June Grandison, meanwhile, tells me that many believed that their stay in the UK would only be brief.

“I came here in 1962,” Ms Grandison recalled. “I thought I was coming for five years, and then would go back home to practise as a nurse. But 60 years later, I’m still here!”

For others, the day has also brought up a lot of memories of when they first arrived here.

Joycelyn Styles, who arrived in 1962 aged 12, vividly remembered what a shock the climate was and says she has still not quite got used to it.

“It was cold and miserable then and it’s cold and miserable now,” she laughed, tongue in cheek.

But while there was a lot of light for this generation, there has also been shade.

Ms Grandison told me of one of her earliest experiences of discrimination in this country, which is still vivid in her mind.

“Before I did nursing, I applied for a job in the West End – not knowing anything about racism, because of course we came from the mother country,” she said.

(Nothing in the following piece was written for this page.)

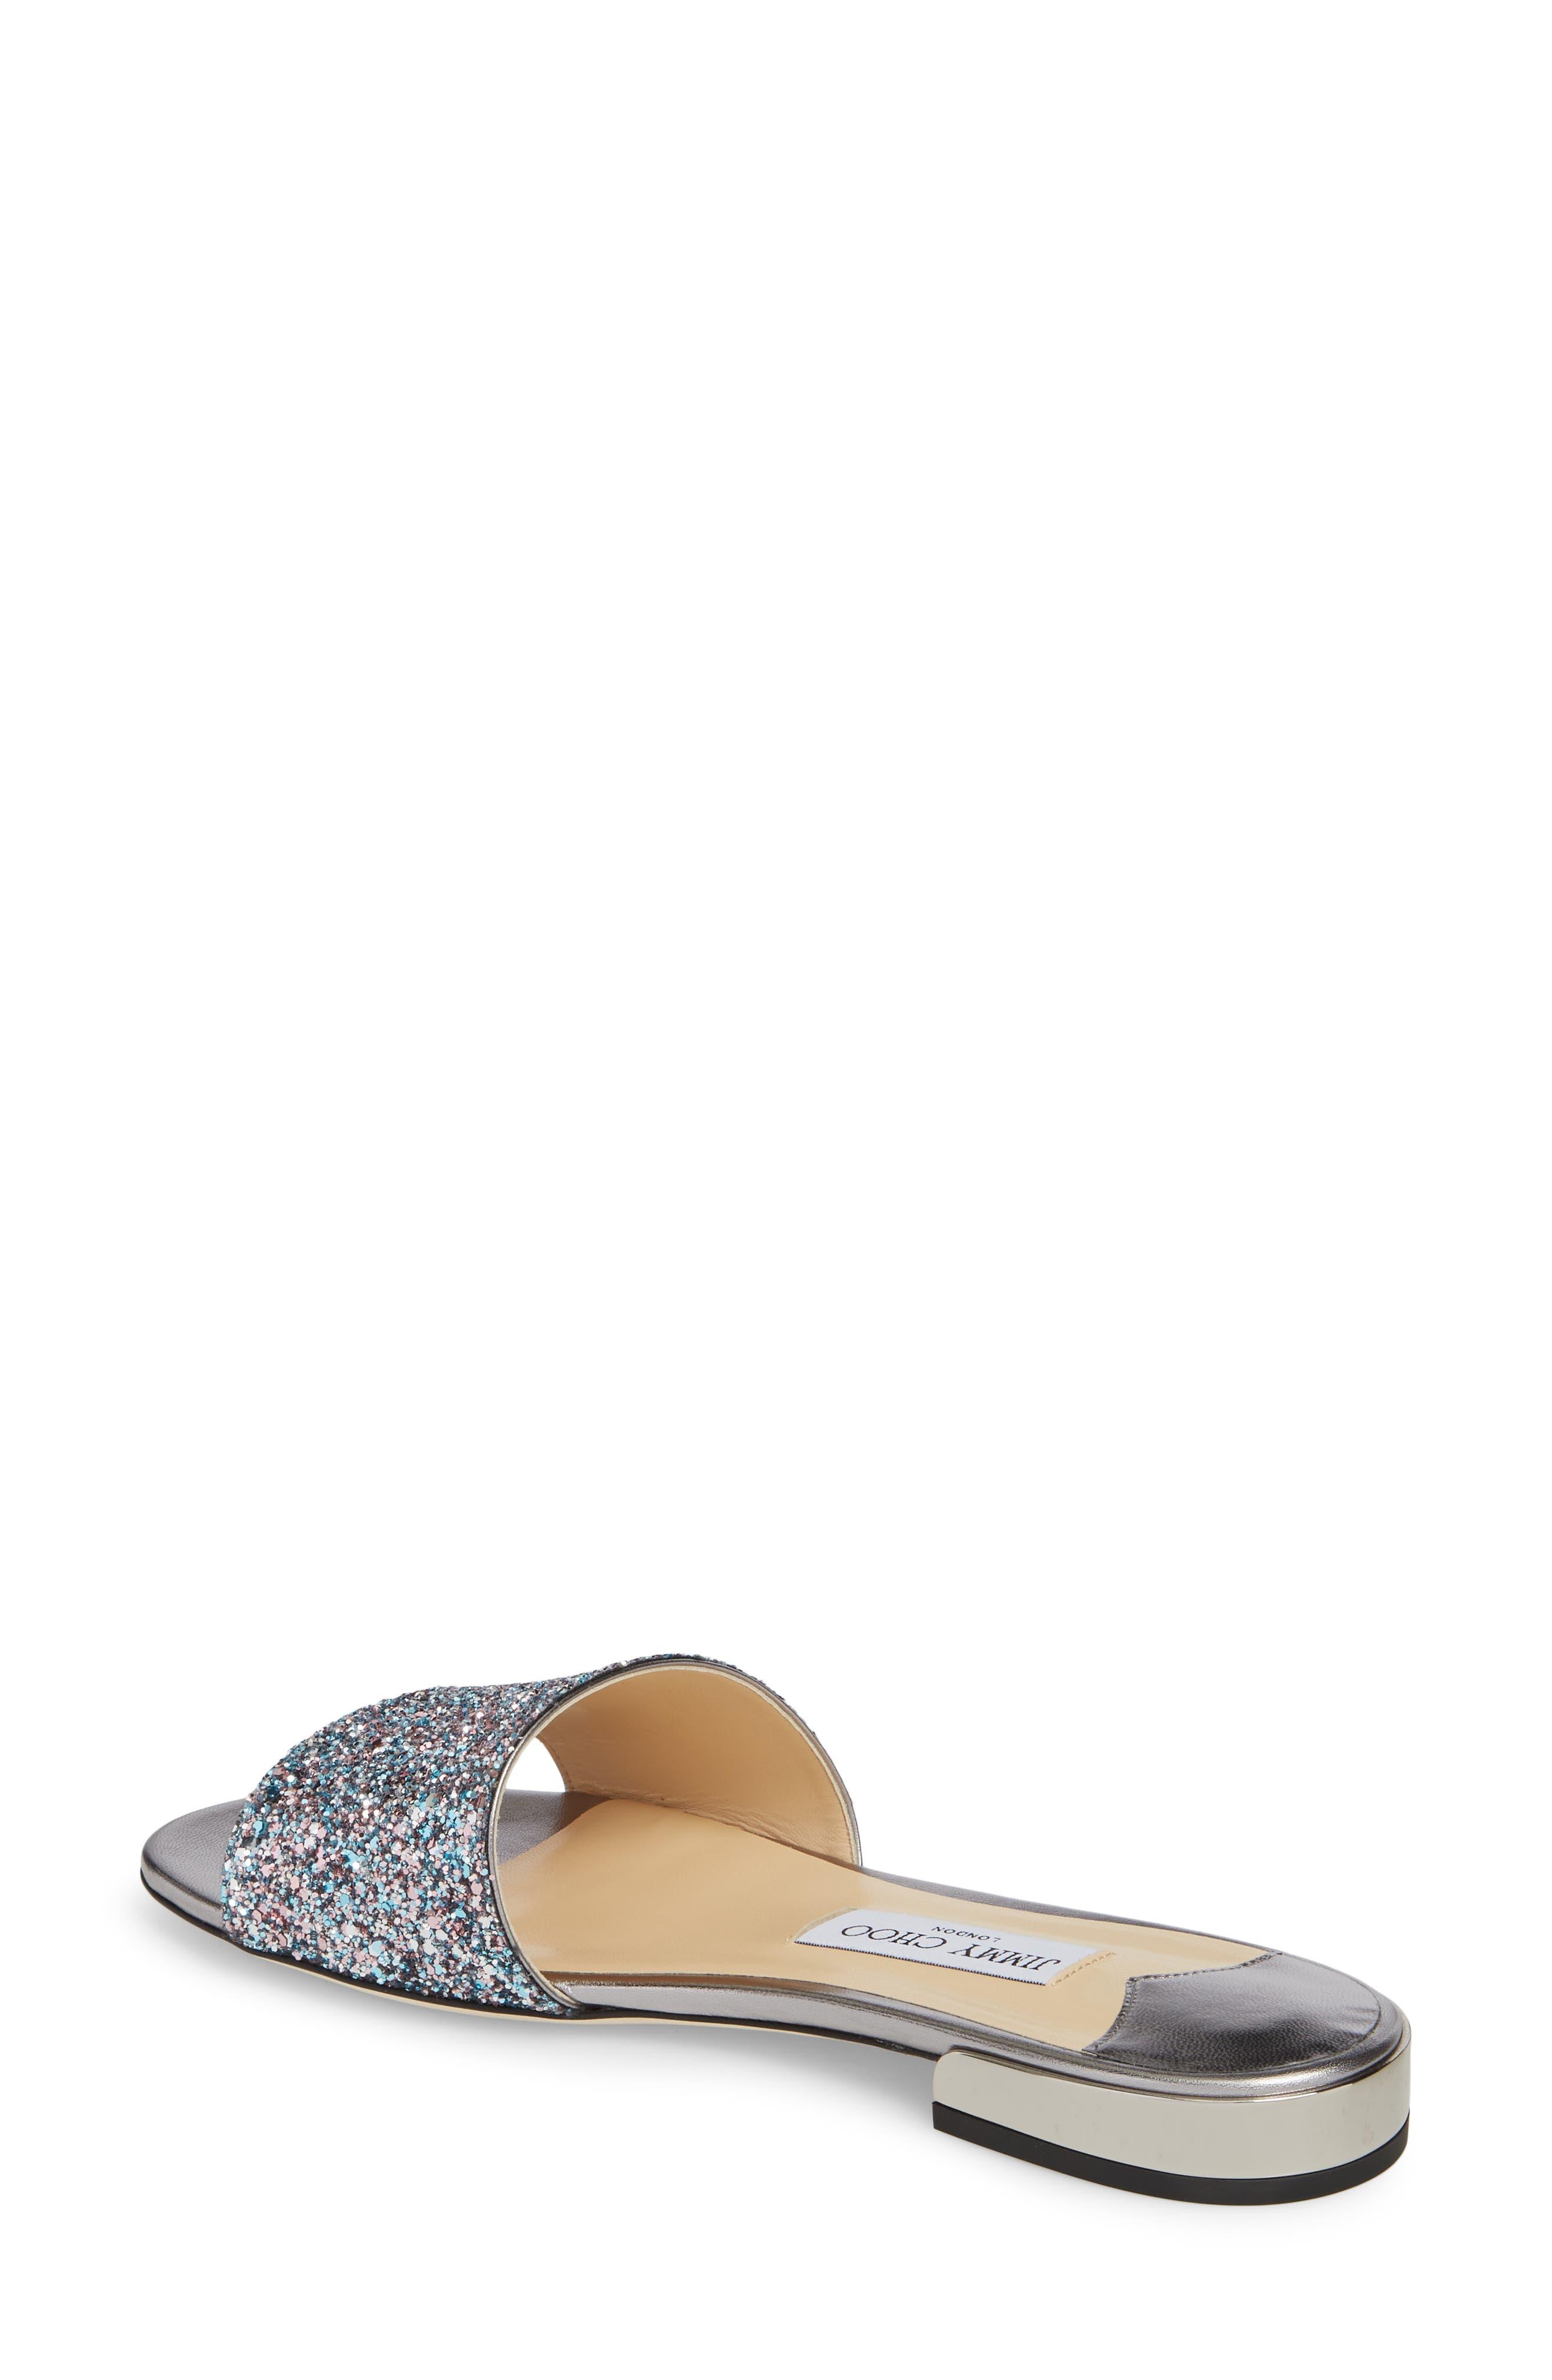 JIMMY CHOO Joni Flat Navy Metallic Tweed Slides, Blush Silver

“My [maiden] name was ‘Brookes’. I applied for the job, I went for the interview, and the lady put me in a room and she never came back to me. I sat there for about six hours, and then the shop was closing, and so I left.

“Because my name was ‘Brookes’, they thought when I applied that I was an English person.”

In the last five years, the name “Windrush” has become synonymous with injustice. The Windrush scandal affected thousands of people from former British colonies who moved to the UK before immigration laws changed in 1971.Sources: BBC, Wikipedia, Windrush75.org

They were given the permanent right to live and work in the UK, but not the documentation to prove this.

This meant they were later denied employment, housing and benefits to which they were entitled. Many were also deported.